Re: Bayesian Spam Filtering and Bogofilter

from Gerald Oskoboiny <[email protected]>, Tue, 11 Feb 2003 01:23:41 -0500

Replies:

Parents:

reagle

* Joseph Reagle <[email protected]> [2002-12-12 10:15-0500]
>
> Bayesian Spam Filtering [0] is very cool, so yesterday I set up
> Bogofilter [1] as a spam filtering technique. Presently, it's
> running in parallel with SpamAssassin.

I switched to Bogofilter (from Spamassassin) last Thursday, and
I'm really happy with it so far. My mail still gets labelled by
spamassassin on the way in, but I don't use it to decide where
my mail goes any more.

My .procmailrc currently has a bunch of list-specific filters,
then my whitelist stuff, then uses "bogofilter -u -e -p" on
anything from senders not in my whitelist. (I wasn't using -u
until just now; I didn't like the thought of it auto-training
itself, but I think it'll be ok. I might even set up a couple
honeypots to collect spam and feed my bogofilter ratings.)

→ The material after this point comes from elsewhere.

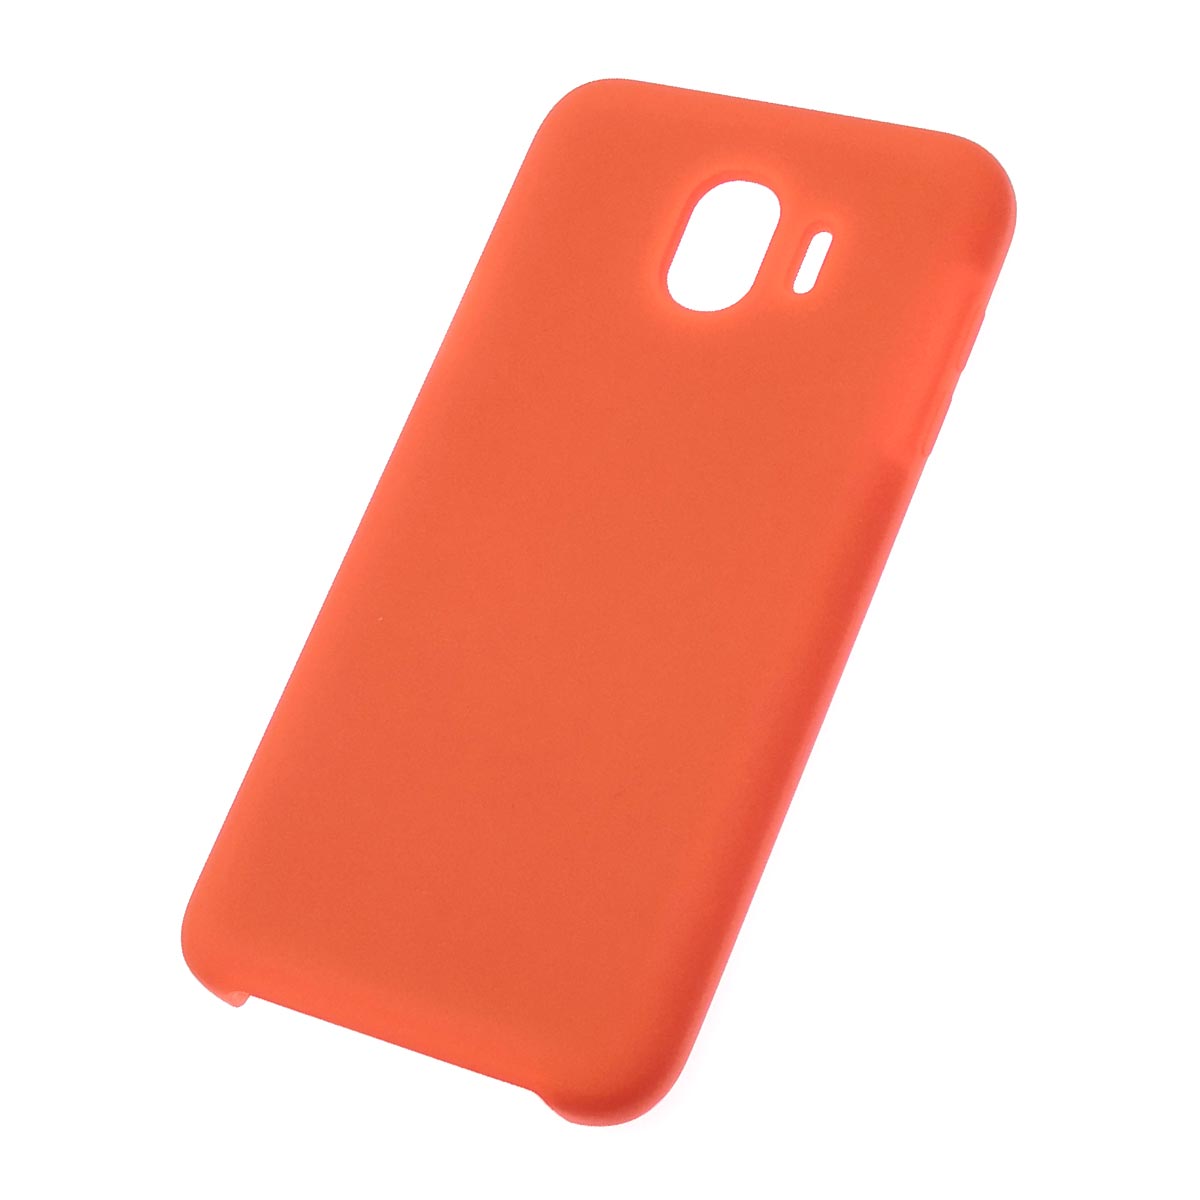 Чехол накладка Silicon Cover для SAMSUNG Galaxy J4 2018 (SM-J400), силикон, бархат, цвет оранжевый

I decided to keep the spamassassin-labelling stuff around because
bogofilter can learn probability ratings for spamassassin tokens,
e.g. "user_agent_mutt" currently has pgood=0.007957, pbad=0.000354.

I initially trained bogofilter on a bunch of spam and non-spam I
had around, and I wasn't sure if I should do it with the whole
mailbox as input or with individual messages, but after doing
some testing just now it seems it doesn't matter. (bogofilter
must have some heuristics to recognize individual messages)

I wrote a little script [2] to use as a wrapper around bogofilter
when I am training it from within Mutt, because it seems to take
about 2-3 seconds when invoked in training mode. (this script
returns immediately and calls bogofilter in the background.)

And here's my procmailrc [3] and muttrc [4].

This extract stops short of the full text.